Capital Gains Tax for People Over 65. For individuals over 65, capital gains tax applies at 0% for long-term gains on assets held over a year and 15% for short-term gains under a year. Despite age, the IRS determines tax based on asset sale profits, with no special breaks for those 65 and older.

What income pays no capital gains tax? ›

For the 2024 tax year, individual filers won't pay any capital gains tax if their total taxable income is $47,025 or less. The rate jumps to 15 percent on capital gains, if their income is $47,026 to $518,900. Above that income level the rate climbs to 20 percent.

What is an example of an unrealized capital gain? ›

unrealized gains. Gains that are "on paper" only are called "unrealized gains." For example, if you bought a share for $10 and it's now worth $12, you have an unrealized gain of $2. You won't pay any taxes until you sell the share.

Do billionaires get taxed on unrealized gains? ›

The President's Billionaires' Minimum Income Tax works differently. Instead of mark-to-market taxation, very wealthy people would be required to pay a minimum tax equal to at least 25 percent of what we could call their “true income,” including both traditional taxable income and unrealized capital gains.

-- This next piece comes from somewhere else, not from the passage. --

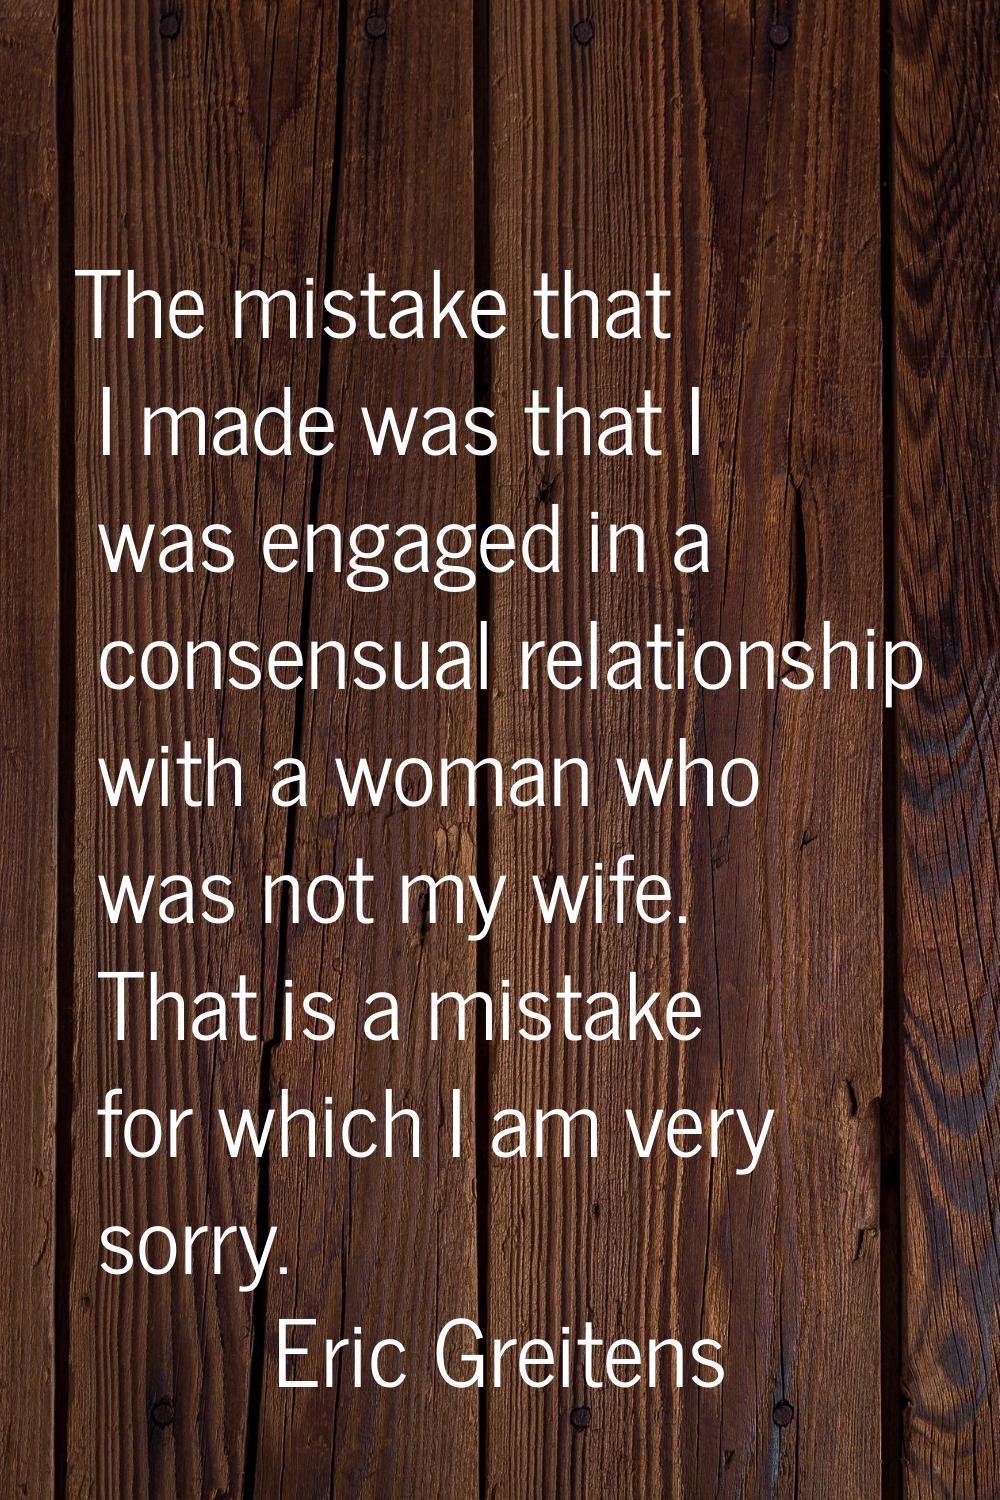 The mistake that I made was that I was engaged in a consensual relationship with a woman who was no
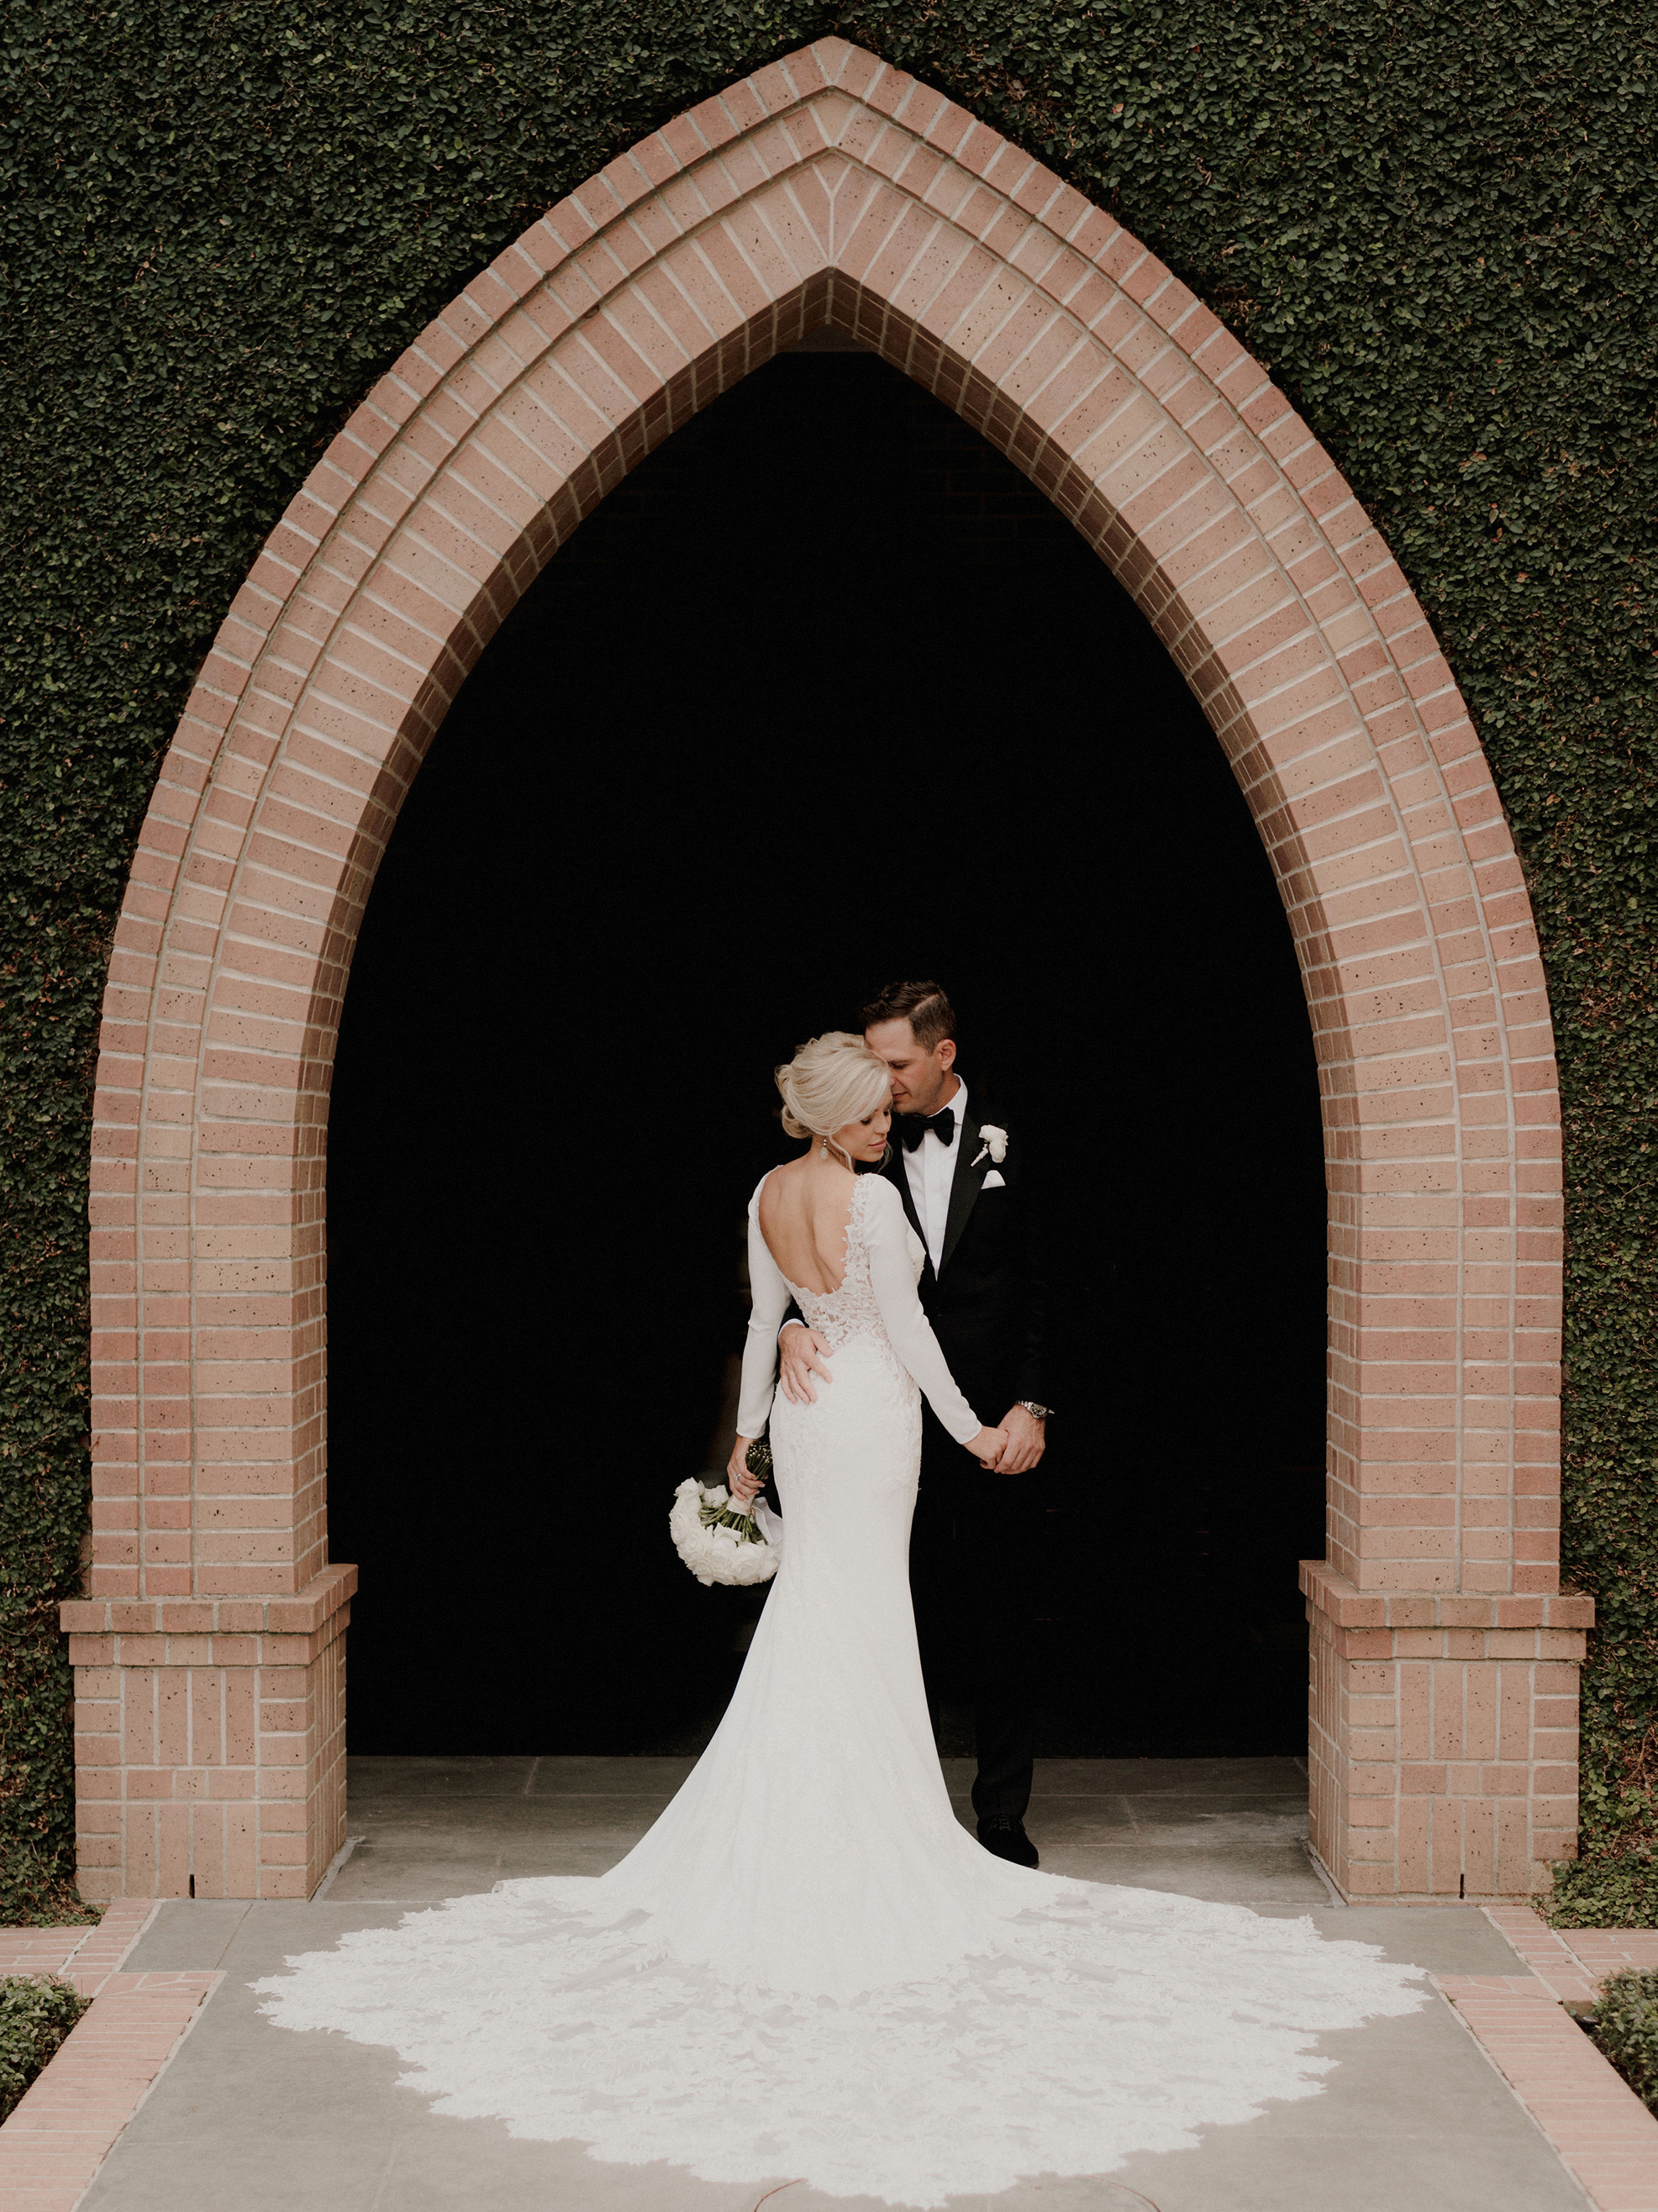 A groom holds a bride underneath a brick arch surrounded by live greenery on their wedding day at St. Marks in Houston, Texas.

Do you have to report unrealized gains? ›

Unlike realized capital gains and losses, unrealized gains and losses are not reported to the IRS. But investors and companies often record them on their balance sheets to indicate the changes in values of any assets (or debts) that haven't been realized or settled as of yet.

What is the current capital gains tax rate? ›

Long-term capital gains tax is a tax applied to assets held for more than a year. The long-term capital gains tax rates are 0 percent, 15 percent and 20 percent, depending on your income. These rates are typically much lower than the ordinary income tax rate.